Data segment:
+--
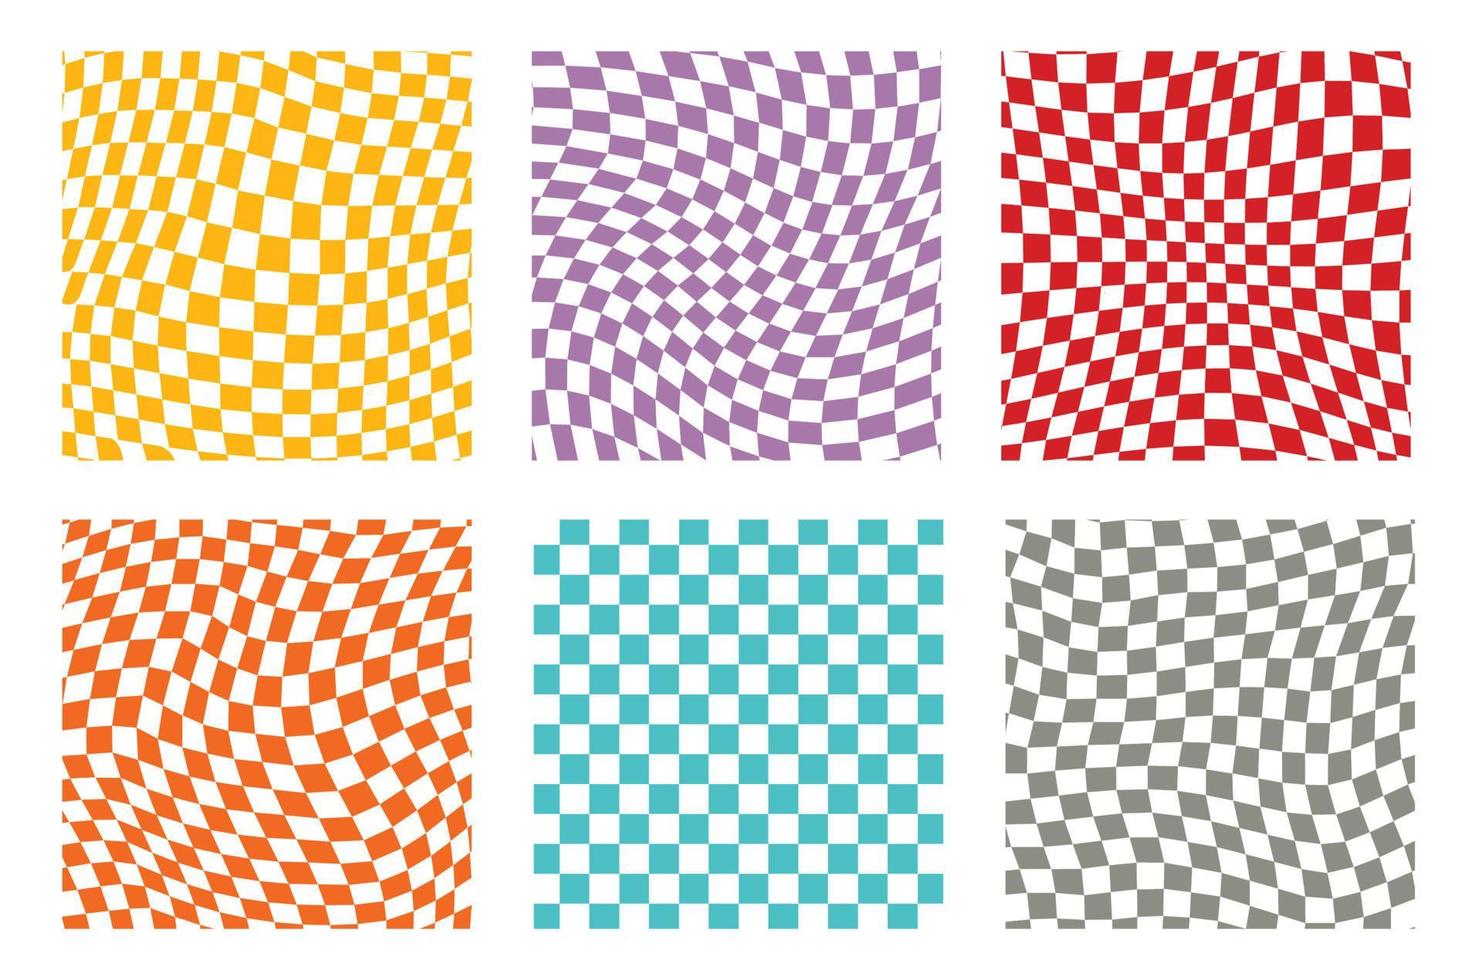 groovy retro patroonachtergrond in psychedelische geruite achtergrondstijl. een schaakbord in een minimalistisch abstract ontwerp met een esthetische sfeer uit de jaren 60 en 70. hippie-stijl y2k. funky print vectorillustratie vector
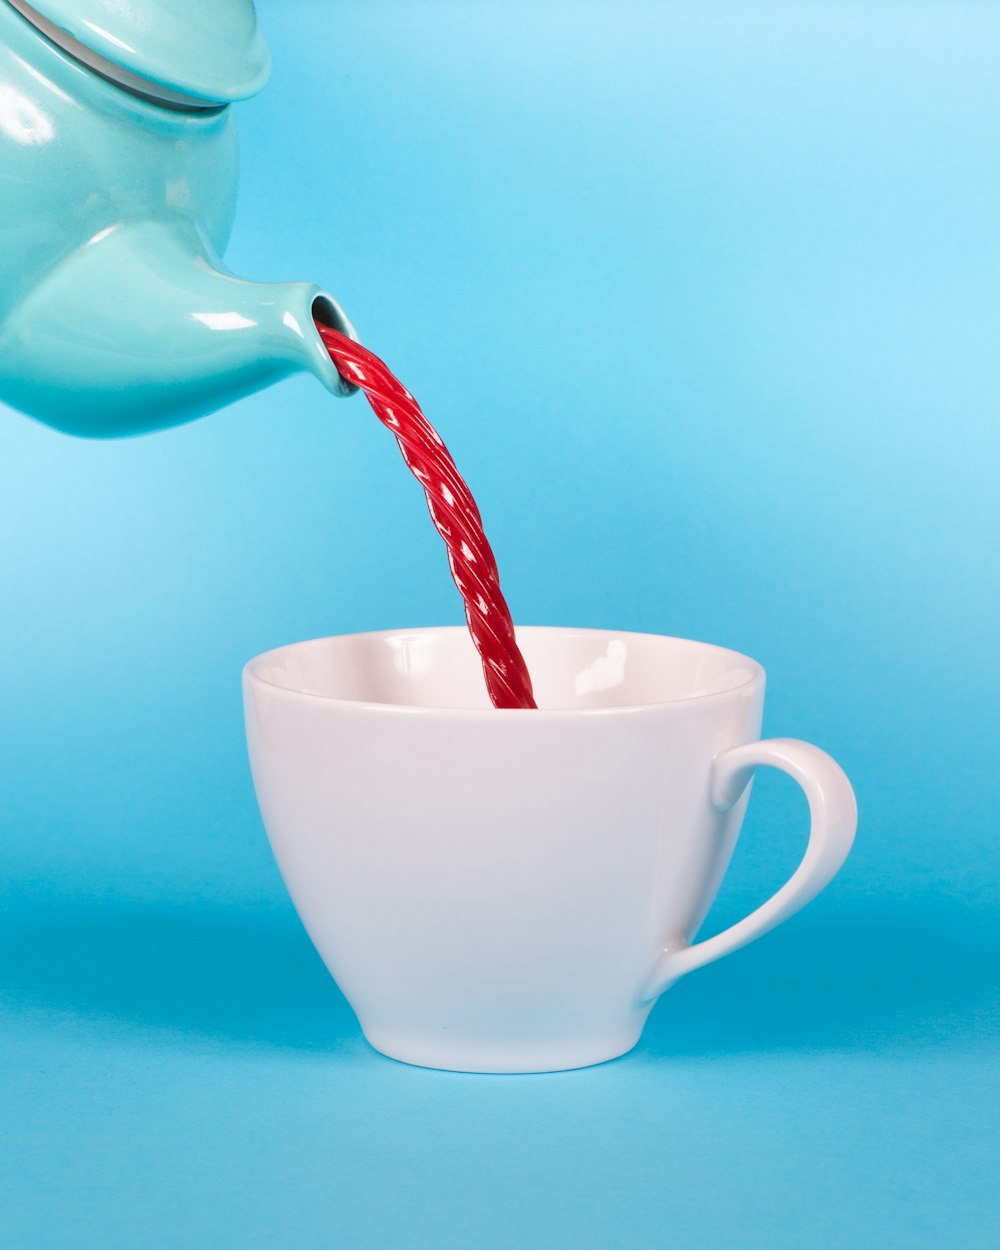 白い茶碗の接写写真に赤い液体を注ぐ緑のティーポット
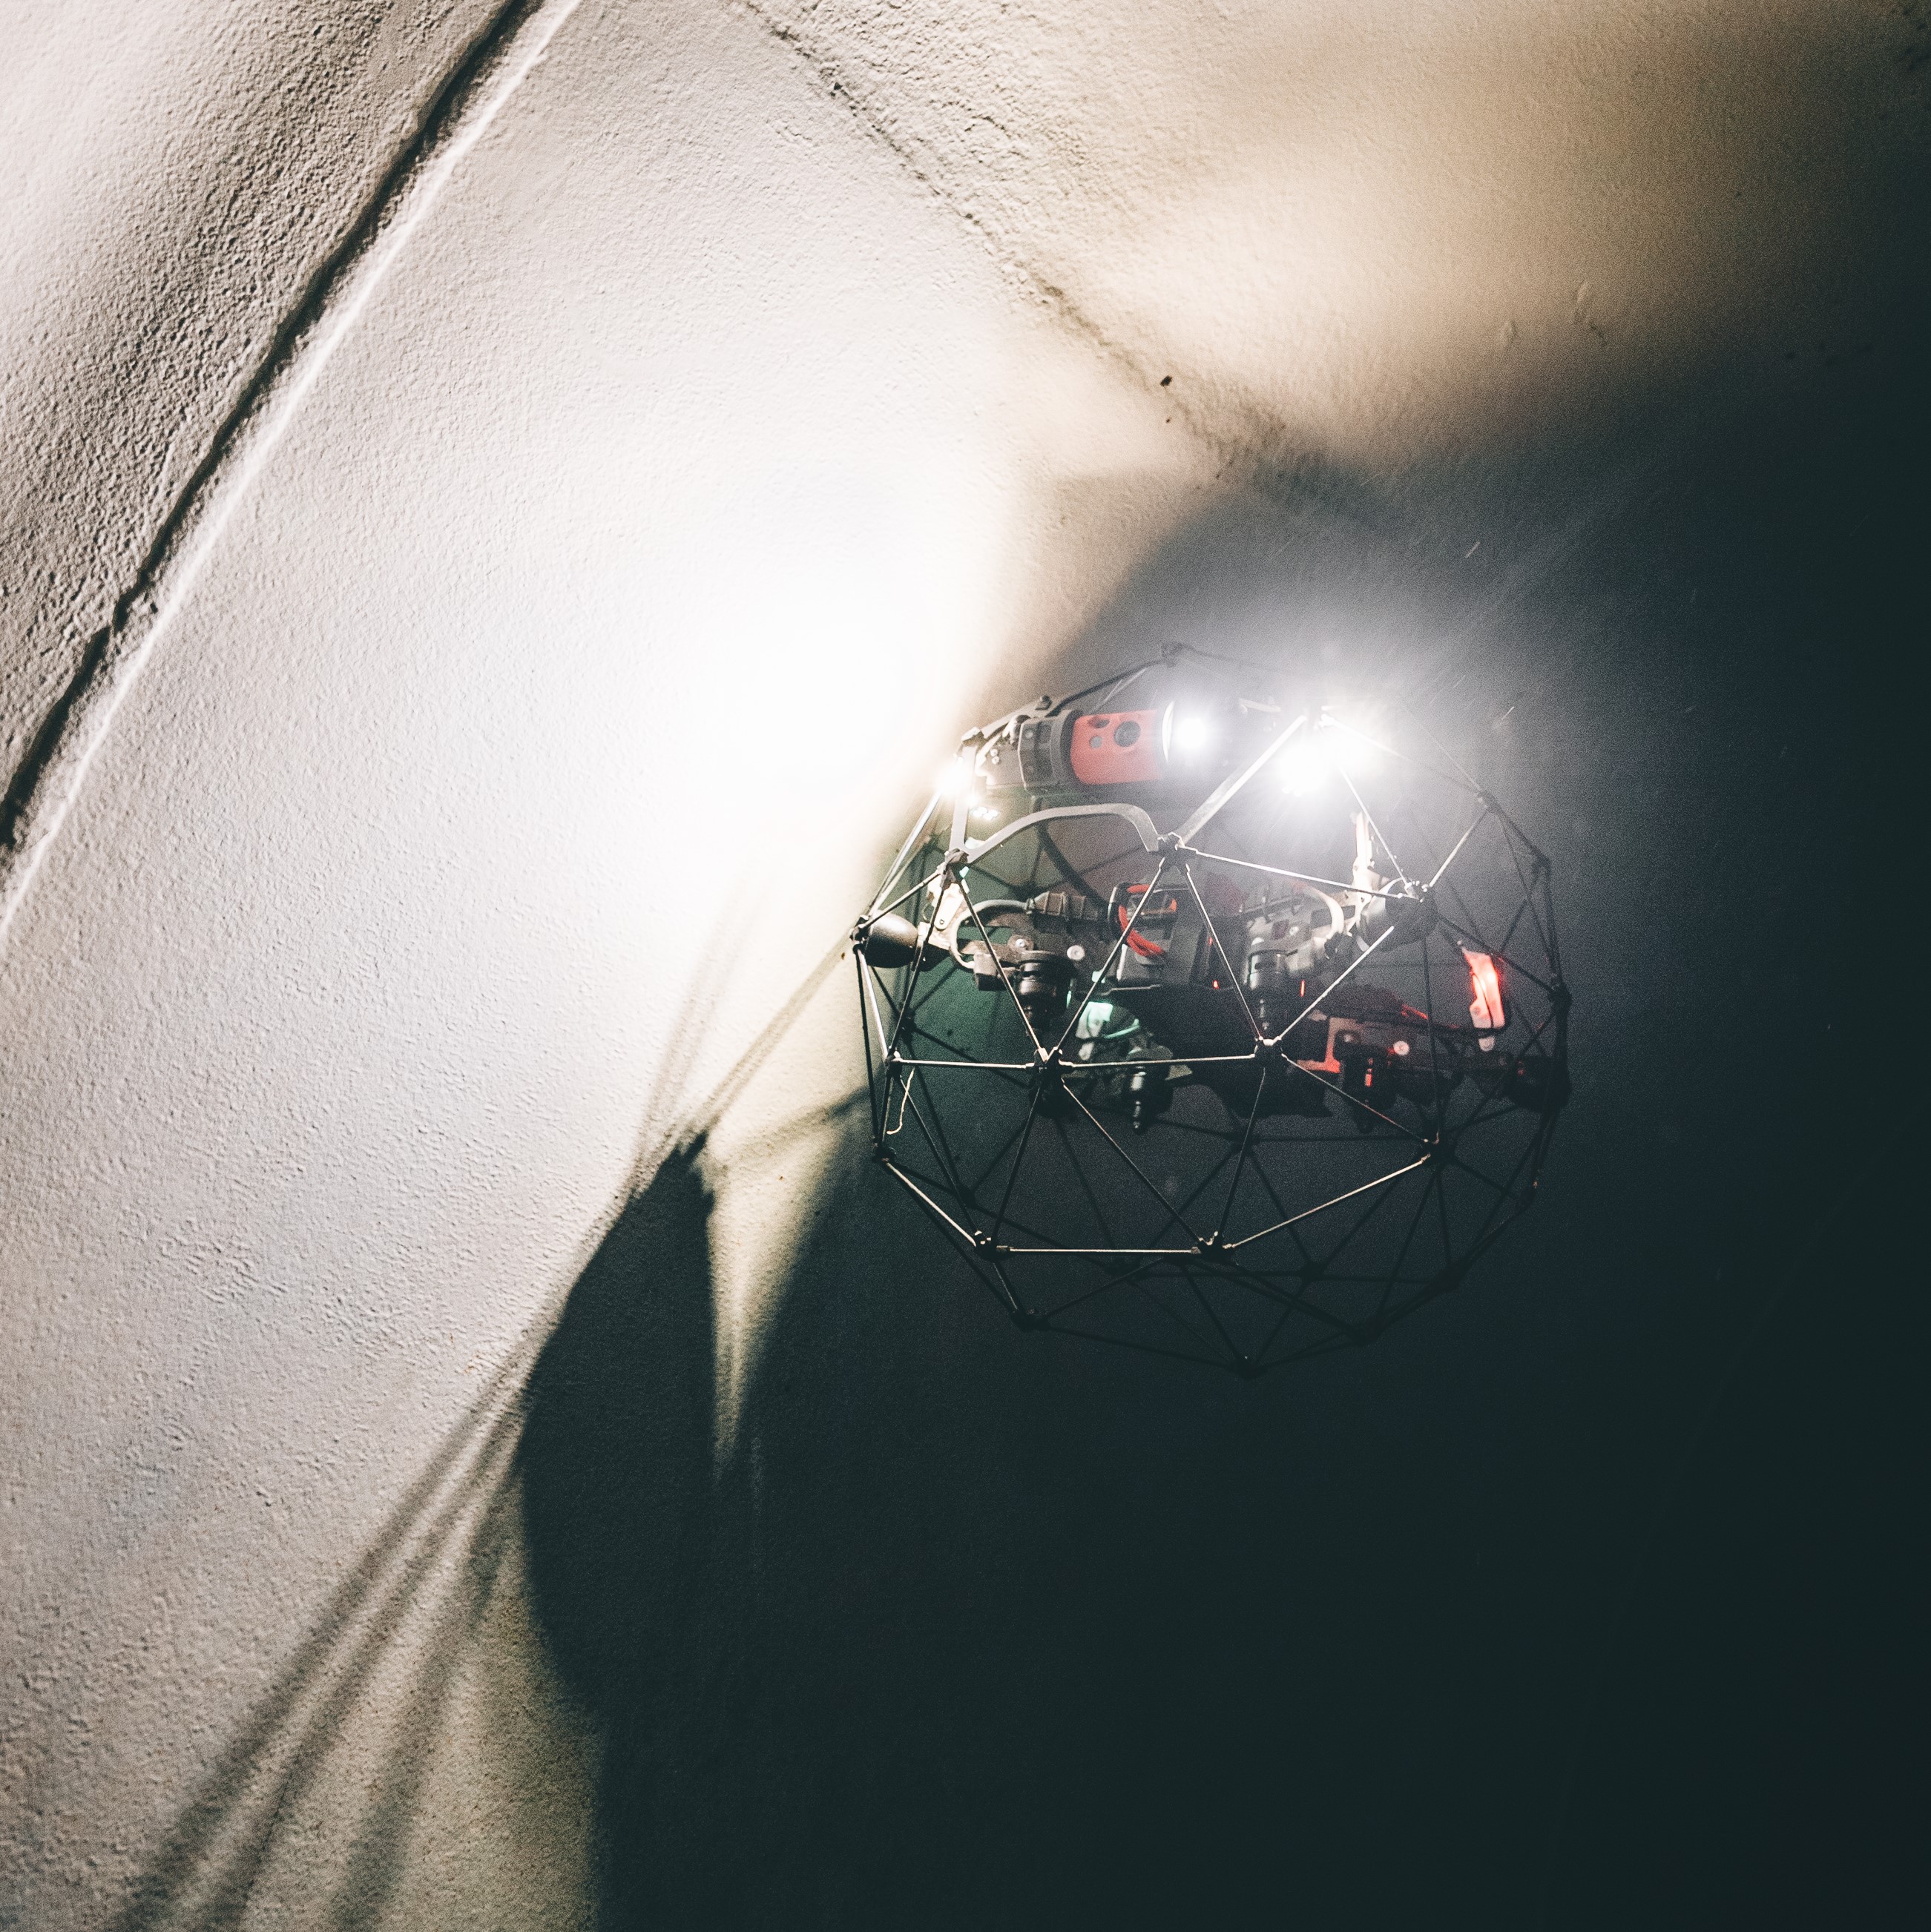 I droni come strumento di ispezioni visive in spazi confinati
+--
Work task:
Using the listing above, set down exactly each line from the one containing "白い茶碗の接写写真に赤い液体を注ぐ緑のティーポット" through the final line, and leave out pictures.

The completed task:
 白い茶碗の接写写真に赤い液体を注ぐ緑のティーポット
 I droni come strumento di ispezioni visive in spazi confinati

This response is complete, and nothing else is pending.